Internal balance is good, too, in the Quintet with piano. The pianist added to the wind players is here Jorg Demus. He fits well, but not quite perfectly, into the prevailing style; he is both a little more alert in his playing and a little more romantic—in solo passages—in the momentary ebb and flow of his pulse. The effect may be in place in a concerto (where the differences, such as they are, of solo style and orchestral style are exactly what is under discussion), but is not really in place in chamber music; nevertheless I certainly don't wish to exaggerate its effect. Nor, by mentioning it as a curiosity, to exaggerate the importance of a very odd pianistic contribution to the Horn Sonata: one wrong and ungrammatical bass note played firmly and obviously intentionally. The bass is often in mind, for it is, as it happens, rather underrecorded here, given insufficient weight and warmth for the superstructure. But it is a splendid superstructure, Demus partnering effectively Seifert's most accomplished horn playing.

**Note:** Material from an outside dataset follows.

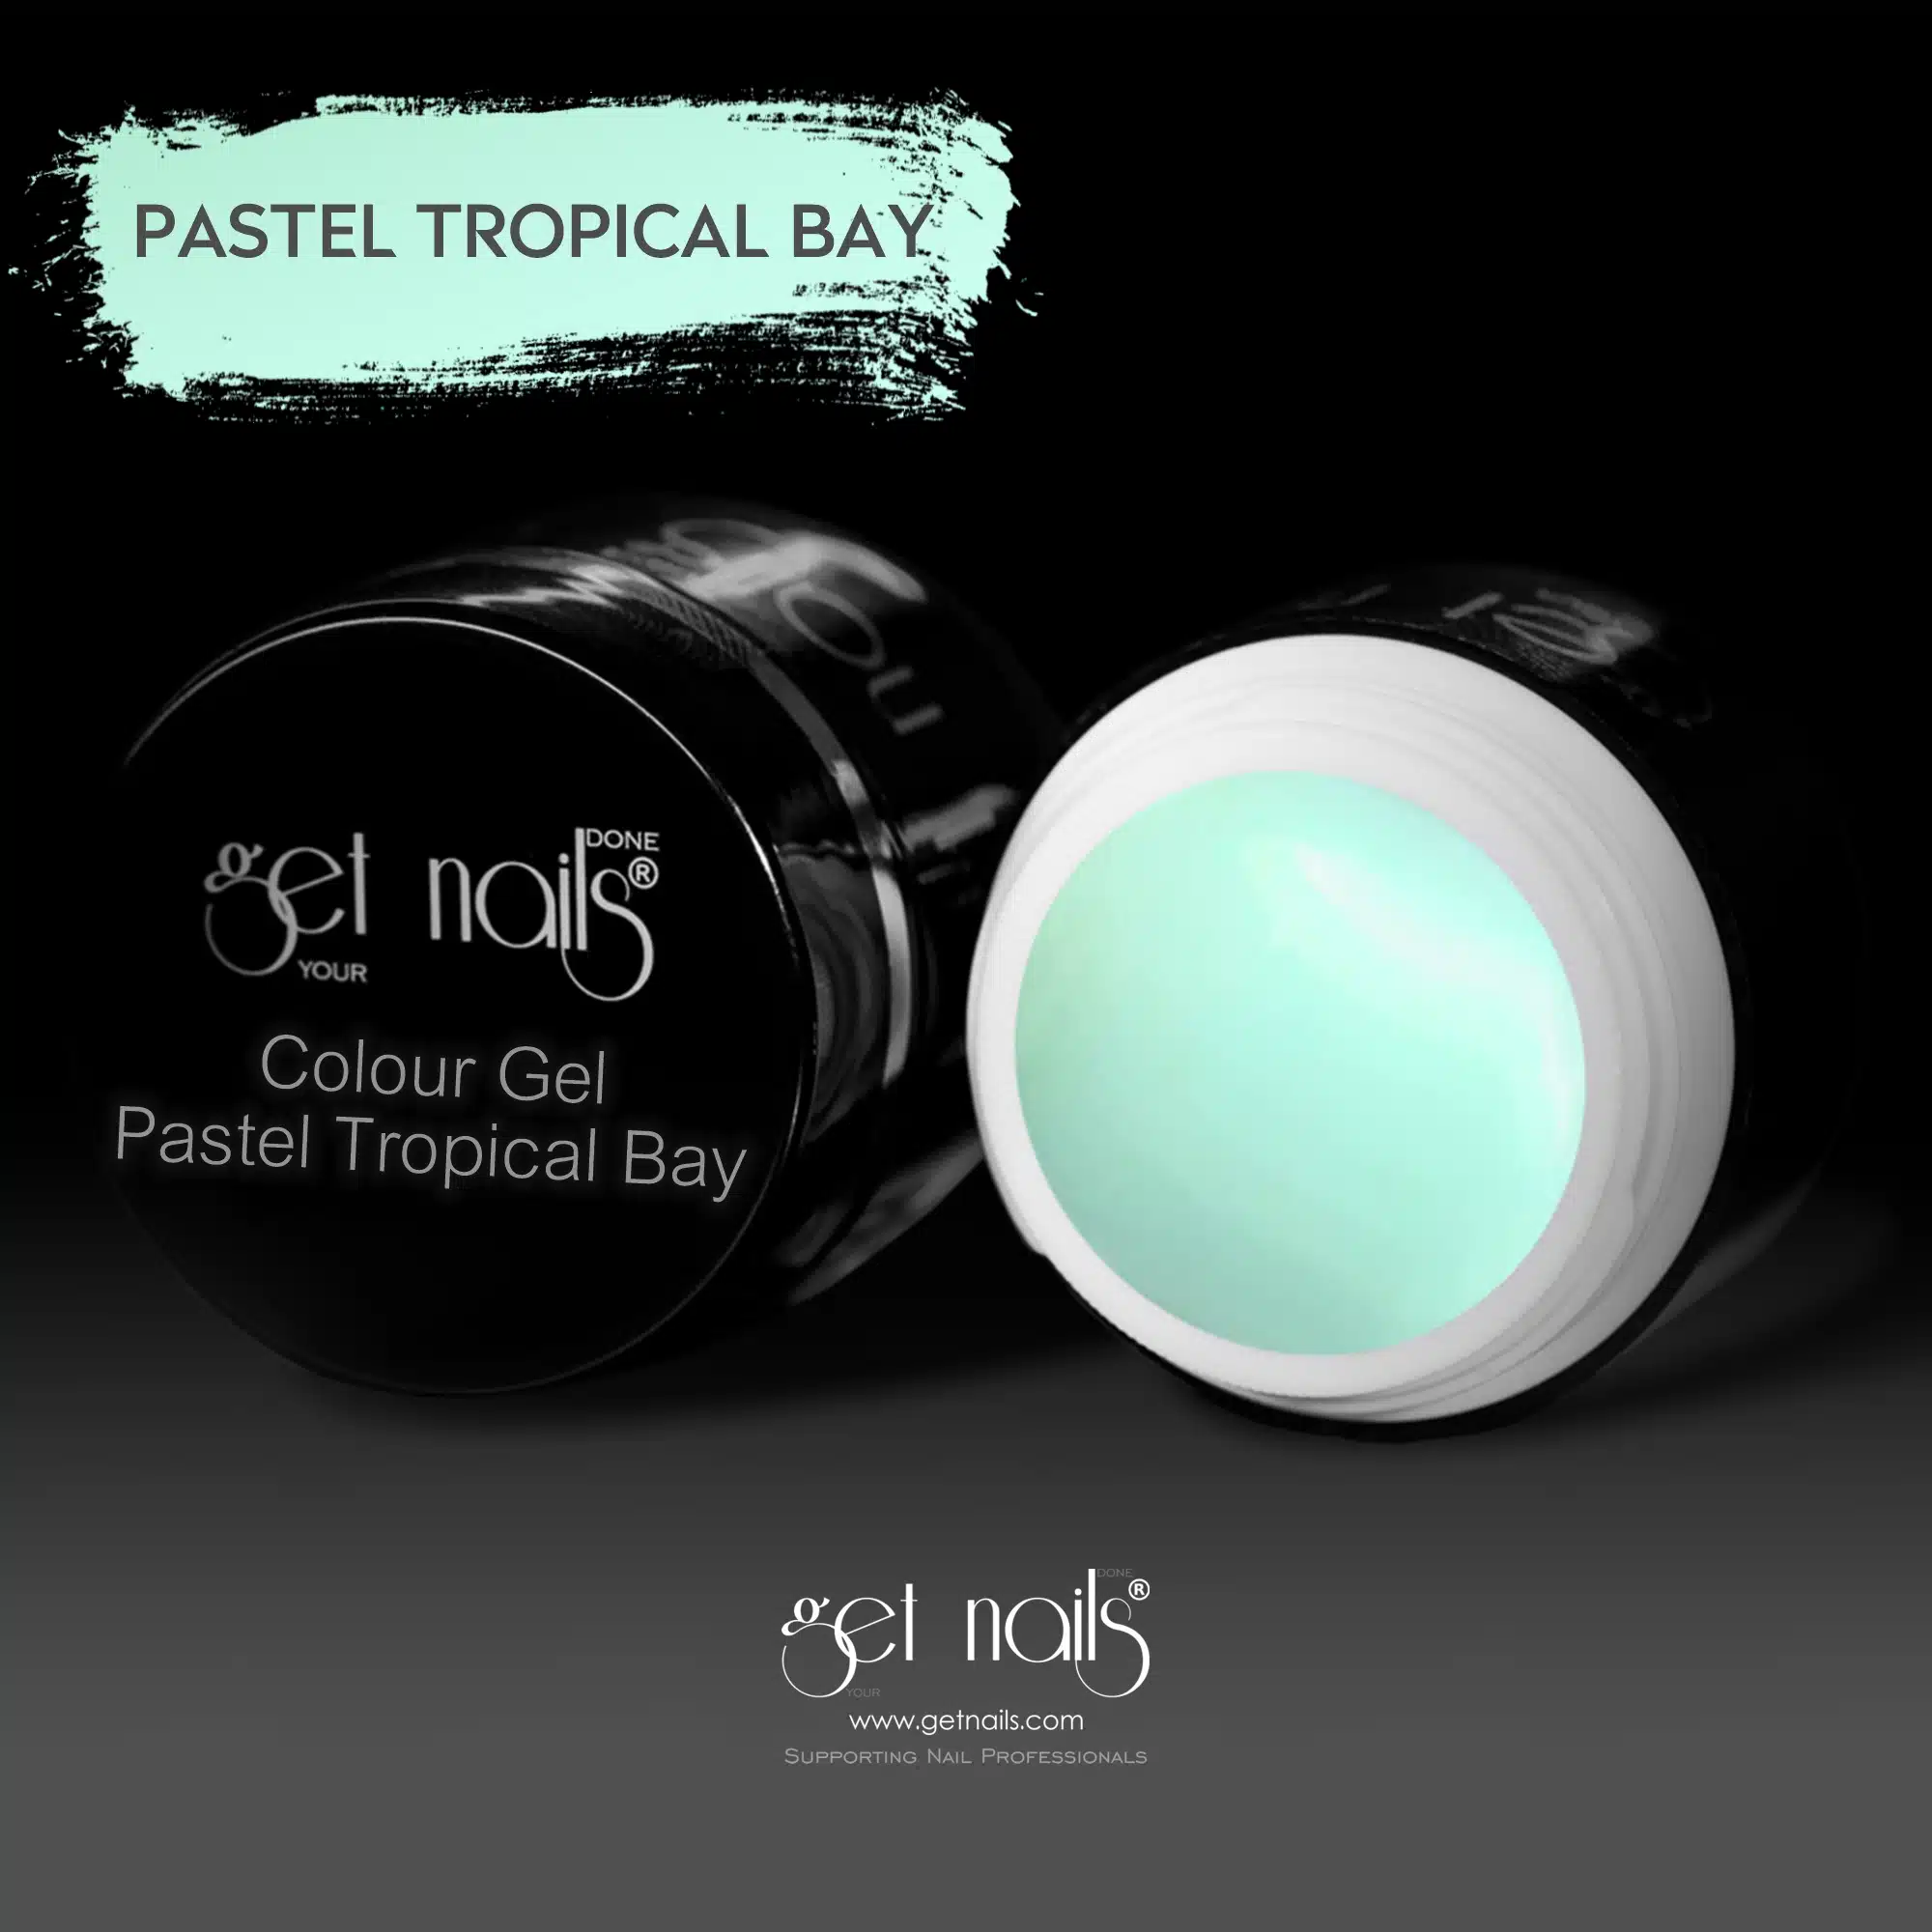 Get Nails Austria - Colour Gel Pastel Tropical Bay 5g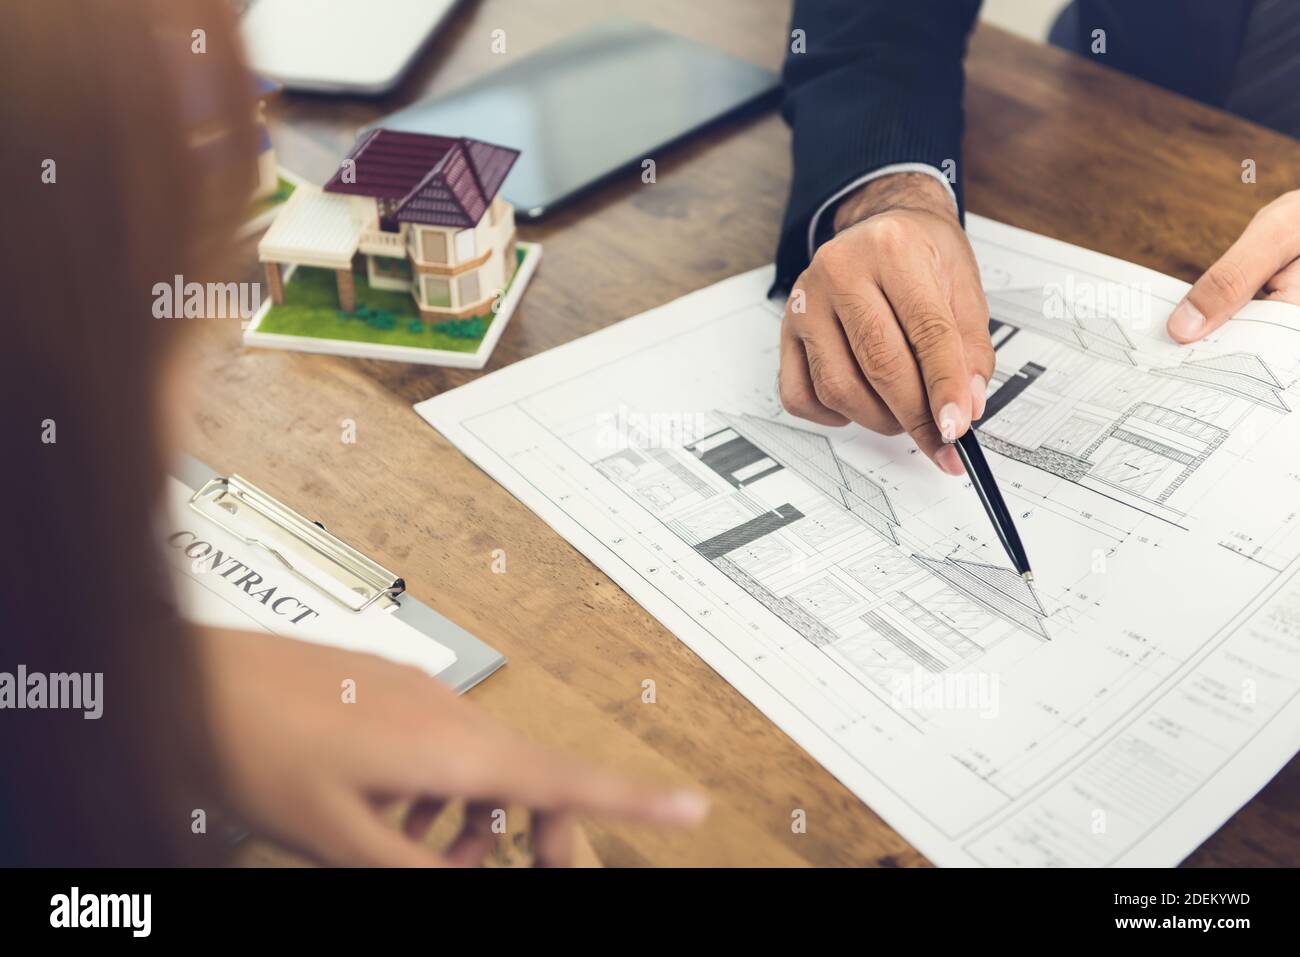 Entwickler hält und erklärt einem Unternehmen ein Wohnkonzept Frau Klientin für Immobilienentwicklung Zwecke mit einem Vertrag Vertragsvorschlag Stockfoto

Seifert in fact plays principal horn throughout the programme. I have already mentioned the 'deadly accuracy' of his team, a virtue of good horn-playing now normally to be taken for granted (though not, some of our senior readers will remember, always in earlier days). One place, however, where this accuracy is often, even nowadays, under strain is towards the end of a movement where so regularly, in chamber music, Beethoven enjoys himself by writing an exposed, inescapable, and distinctly exacting arpeggio (sometimes a scale) for his first horn. I hate to think what Beethoven, as a fourteenth-study horn player, must have sounded like essaying these purple patches himself (if he ever did); but I think he would have been spellbound hearing Seifert in them. Or, in the Sextet for two horns and strings, Seifert and Klier: indeed their sudden vertical take-offs are perhaps the most winning features of this possibly spurious work, the more especially as the strings have been recorded with something of an edge to their tone.

On the final disc Seifert takes a well-earned rest; and it may be that here and there, so will a listener's ready enjoyment, for though the early Trio for piano, flute and bassoon is given a good performance (and a good recording which certainly restores the previously missing weight to the piano's bass) it could nevertheless not be said to be among Beethoven's best works. But the flute, violin and viola Serenade is in different case, for though only doubtfully among the 'best' it could most certainly be ranked among Beethoven's most charming pieces; and in a composer noted for many characteristics idyllic, lightweight charm is not all that often among them. Here all agile flute-player and a particularly warm-toned viola player help it along in great style. A buyer wondering whether these are, in total, the pieces he really wants must be stony-hearted indeed if he finds he cannot add, at the very least, this Serenade to the Septet which must be already on his surreptitious list of Sunday-afternoon music. And if it should be the Septet itself that he wants, then this too receives here a velvety performance.